CHRIS SMITHER
Downpatrick Folk Club, Northern Ireland
Published: The Independent, 6 June 1997
Music is a big deal in Ireland. The place may be renowned for foisting its own folk music on everybody else in the world but such is the discerning population’s thirst for quality in music period that over the recent years it’s all but adopted as its own a handful of great acoustic troubadours from overseas, and king among them all is Chris Smither from New Orleans.
Now effectively in his second career, after a ten year spell of floundering in alcoholism between his early ‘70s output and the stream of records he’s produced since 1985, Smither’s reputation has never been higher and yet his perspective on life remains hallmarked with the kind of humility and stoicism brought through years of hard times and hurt.

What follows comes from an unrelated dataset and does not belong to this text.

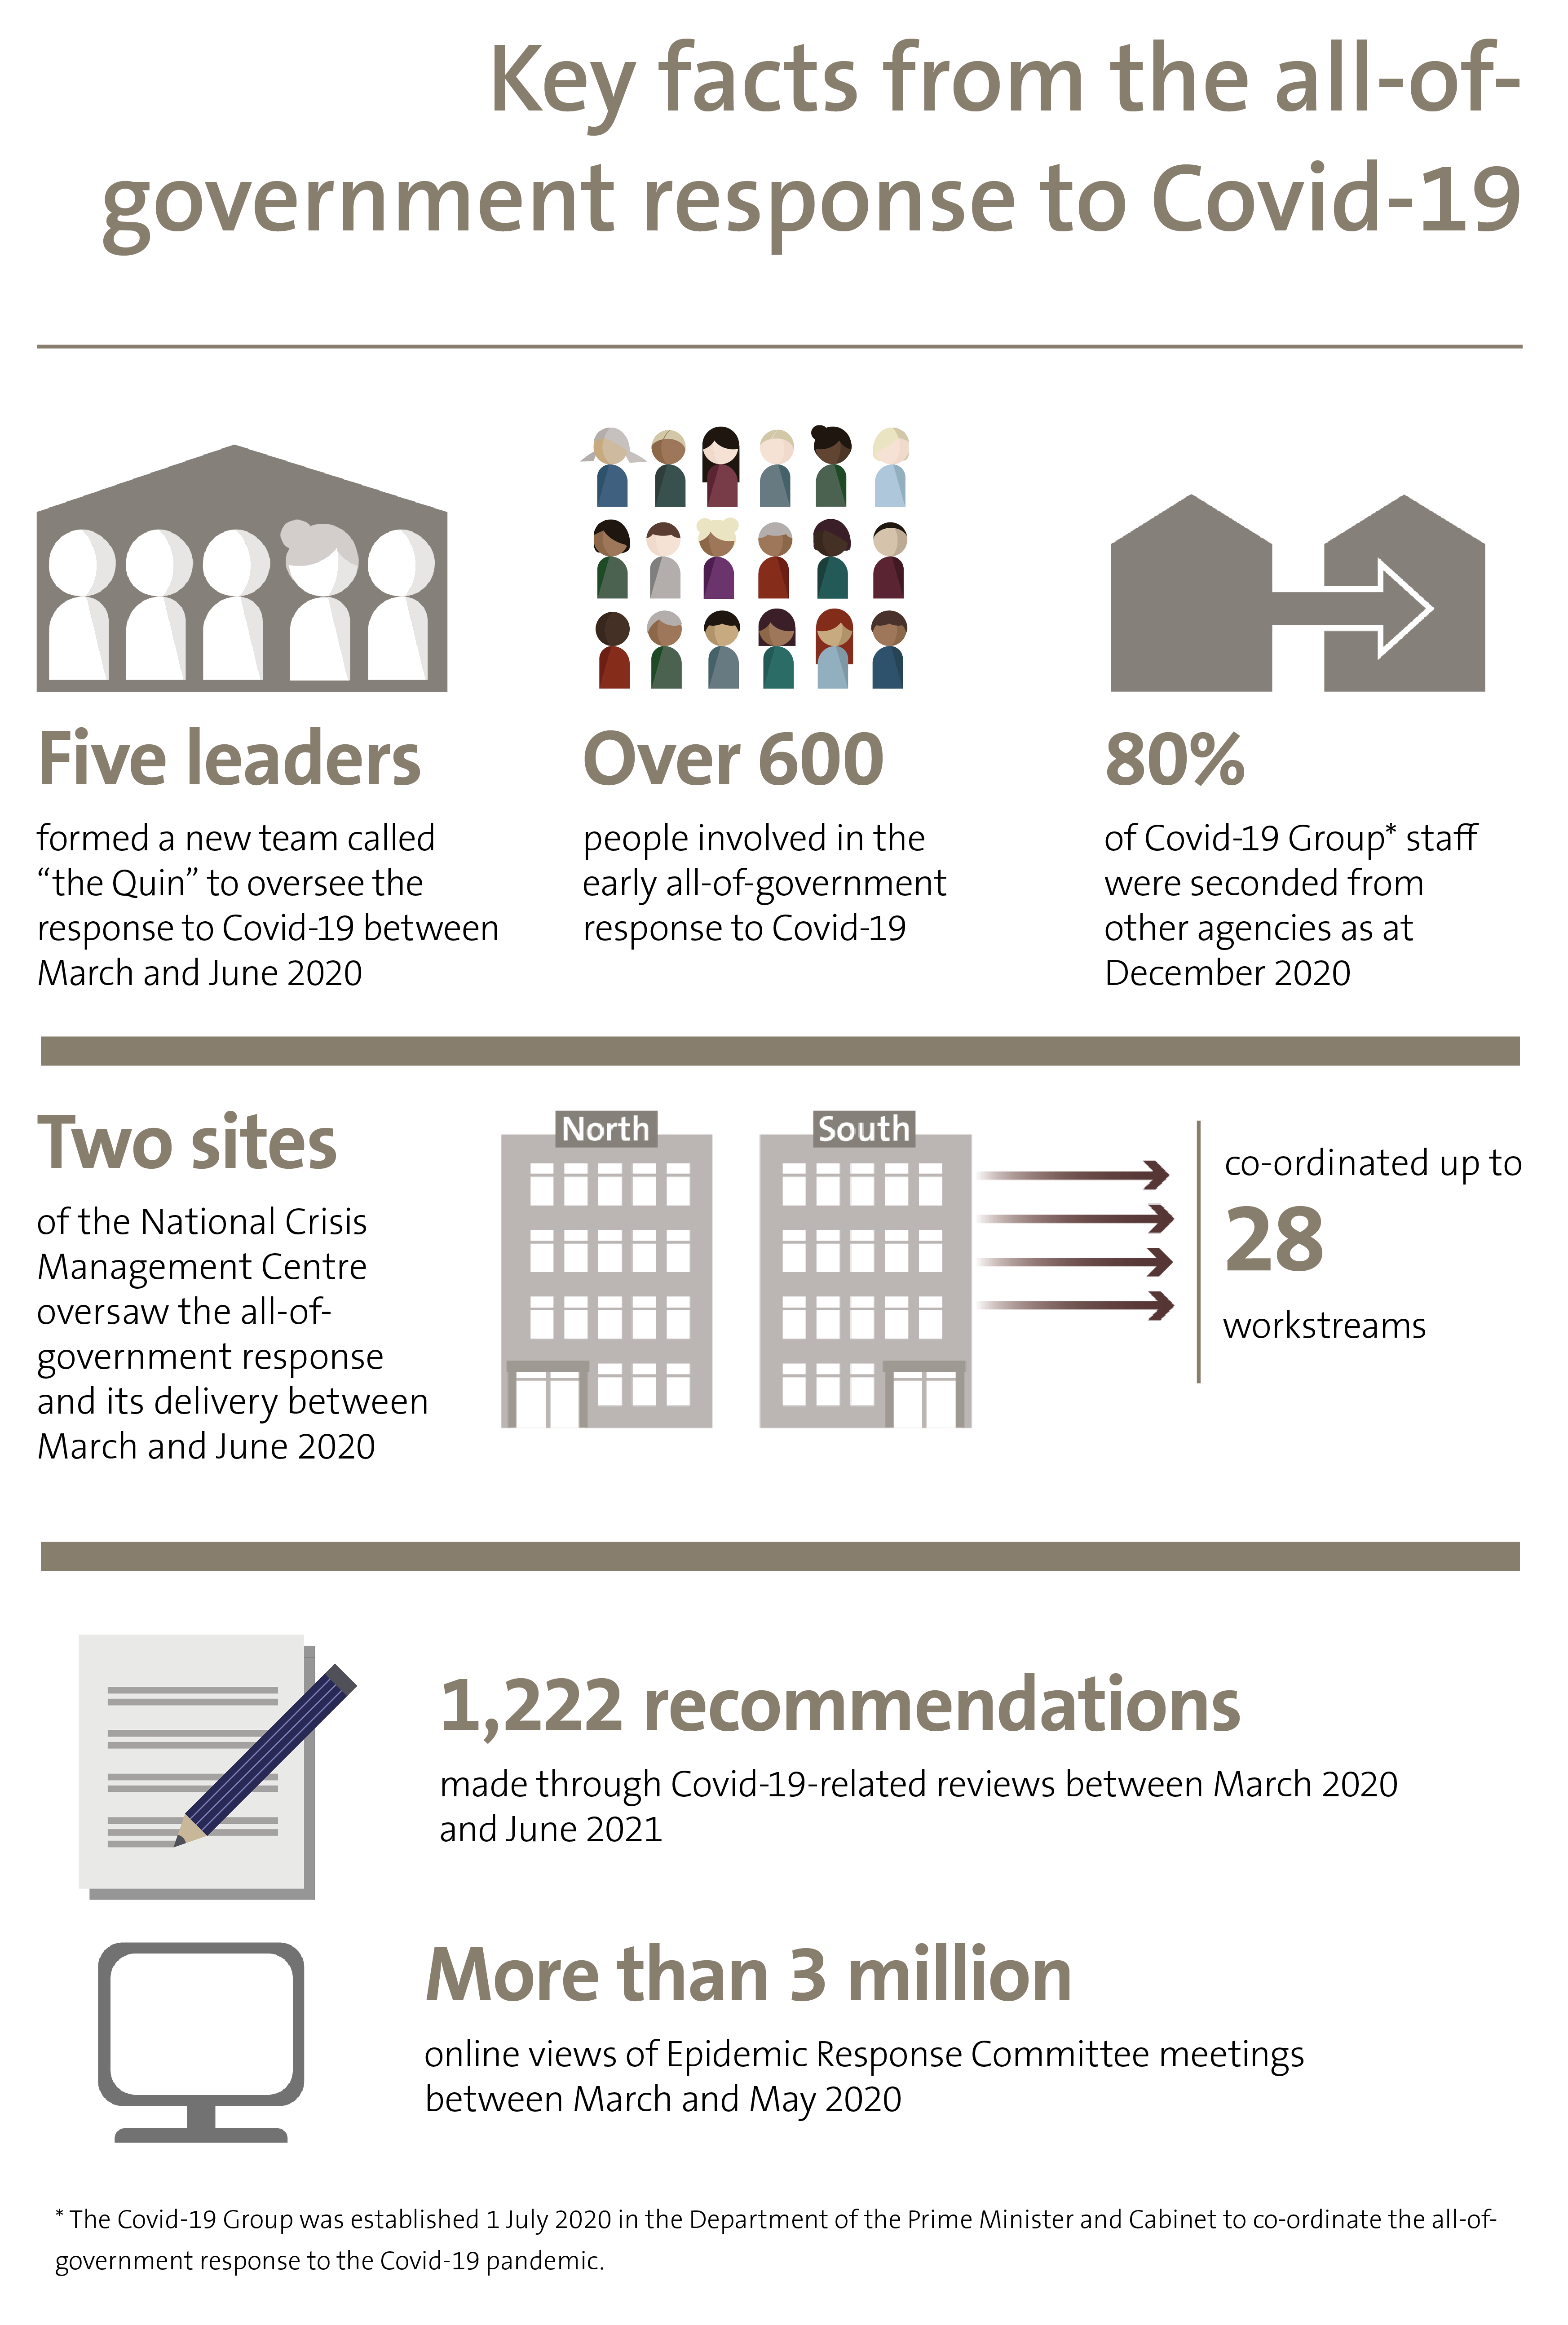 Key facts from the all-of-government response to Covid-19

Still revelling in the influences of his early heroes Lightnin’ Hopkins and Mississippi John Hurt, Smither has expanded, with his own writing, the straight blues form to something entirely unique. The most remarkable thing is not so much that his material can explore the darker fears and emotions in life with an everyman relevance, but that essentially the man remains an entertainer – a fun guy with a not so fun past, who can confidently work a crowd through foot-stomping medley’s of ‘Hi Heel Sneakers/Big Boss Man’ to some of the most heart-breaking, profound songs they’re ever likely to hear.
Tonight’s show is a weird one – the only English-style ‘best of order’ folk club in the north, and yet Smither’s most boistrous crowd on this particular trip. Half the 28 song set are well chosen covers – from John Hiatt, Lowell George, J.J. Cale and a blistering resurrection of Robert Johnson’s old warhorse ‘Dust My Broom’ – all scattered around the unwritten set list to hold people’s attention with feisty guitar work, amplified double-foot percussion and something even the more casual punters would know. The barnstorming ‘Love You Like A Man’, memorably covered by Bonnie Raitt and “written when I was 21, young enough to think I knew about women – now it’s just a nostalgia piece…” commands attention, but it’s the more serious material that singles Smither out from his peers.
Surely nothing more insightful about the processes of fame has been written than ‘The Devil’s Real’, while ‘Cave Man’ from the brand new Small Revelations remains a work of overwhelming profundity on the human condition, clothed in the simplest and gentlest of melodies. His writing gets better and better, and while it has long outgrown the confines of twelve bars there is no-one truer to the spirit of the blues, or more attuned to the struggles of the soul in the modern world than Chris Smither. He ends the noisiest of gigs with the noisiest of encores, shakes hands, signs records and looks forward, the following night, to playing support to a partial reformation of The Yardbirds in a small town to the west of the island. Apparently it’s a good payer. And life goes on.